Jika Anda masuk ke restoran atau warung makan, apa yang Anda pikirkan selain makanan? Biasanya, kita hanya menunjuk jenis makanan atau mengambil dafar menu dan menunggu pelayan datang untuk bertanya. Setelah itu, makan. Itu saja. Lalu membayar sesudahnya.

Jika dipikir, lebih-lebih mengacu pada data yang diajukan oleh Elizabeth Royte perihal limbah makanan yang menempati peringkat ketiga limbah tertinggi dunia setelah Tiongkok dan Amerika, saat berada di warung makan, kita bagaikan tengah berada di meja pengadilan: makan sebagai tuntutan naluriah atau sekaligus juga merusak Bumi. Masa sampai sejauh itu?

Iya. Kita saja yang tidak atau enggan memikirkan rantai konsumsi dan distribusi makanan tersebut karena terlalu fokus ke sajian atau terusik oleh perut yang lapar.

Kiranya, tidak penting saya sebutkan hujah-hujah yang melarang pengrusakan di muka bumi. Ayatnya ada, hadisnya ada.
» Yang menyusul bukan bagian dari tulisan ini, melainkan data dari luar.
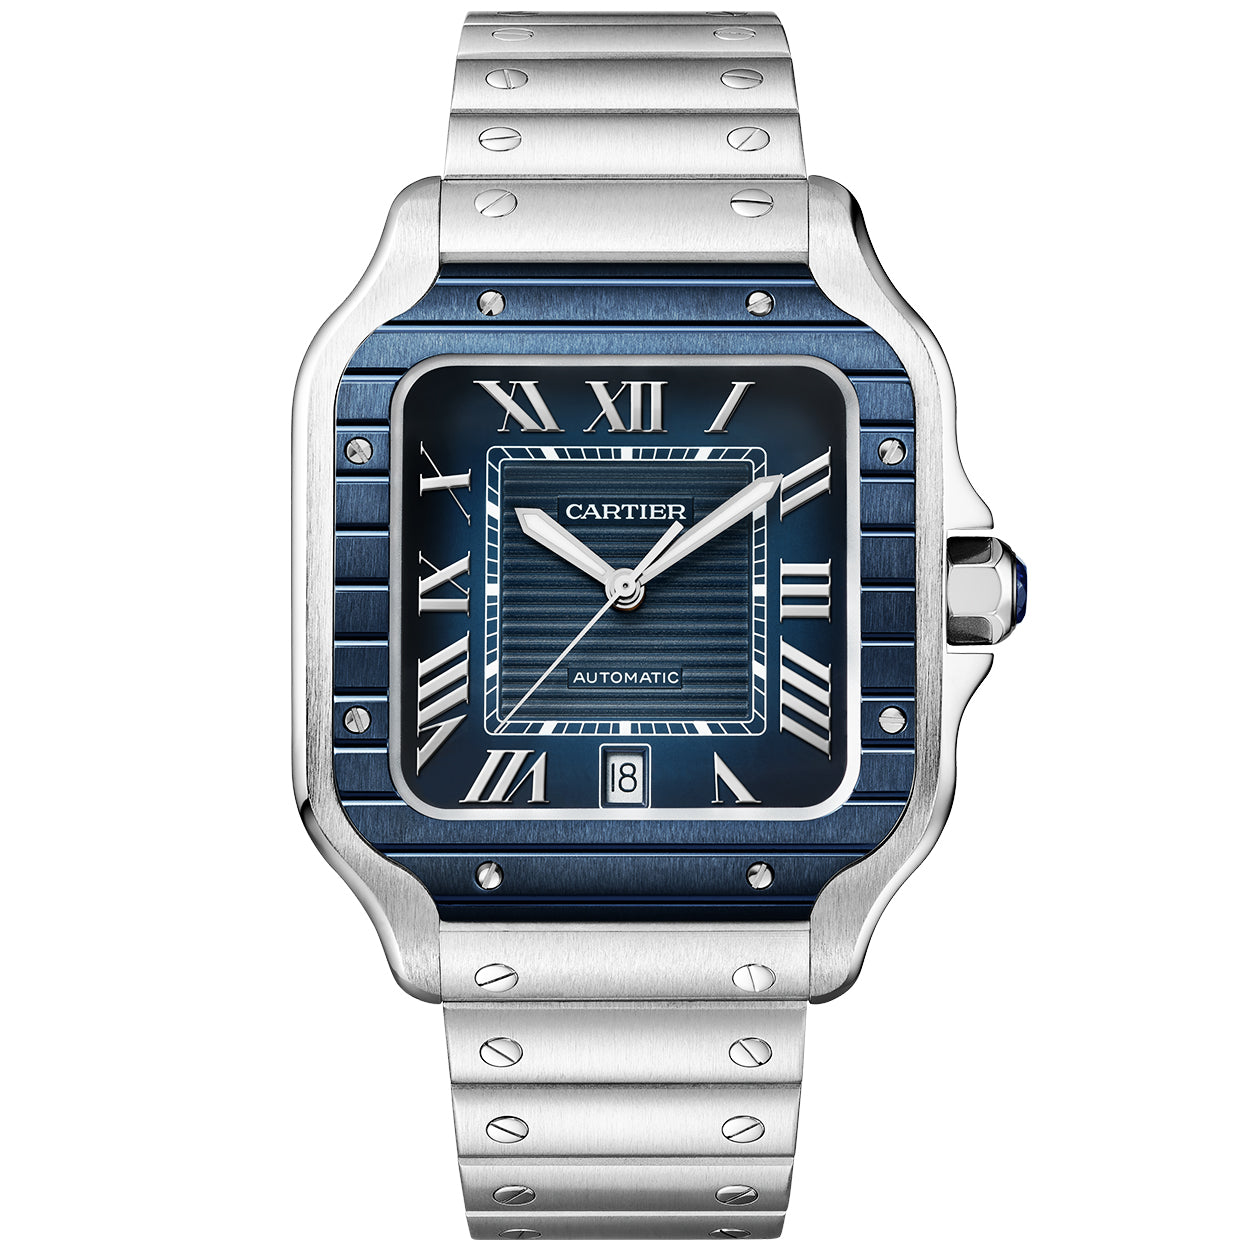 Santos de Cartier Large Steel & Blue PVD Dial Men's Automatic Watch

Tapi, ateis atau ahli ibadah, percaya pada data atau tidak, manusia adalah makhluk sosial yang berinteraksi dengan alam dan manusia. Karena itu, merusak bumi—yang notabene merupakan tempat mereka hidup—adalah tindakan ironis, tercela.

Lalu, mengapa kita santai saja menyaksikan pengrusakan-pengrusakan itu? Penyebabnya; yang satu rakus, satunya tidak peduli. Salah satu pokok masalah kerusakan Bumi adalah cara pandang kita dalam melihat masalah itu sendiri.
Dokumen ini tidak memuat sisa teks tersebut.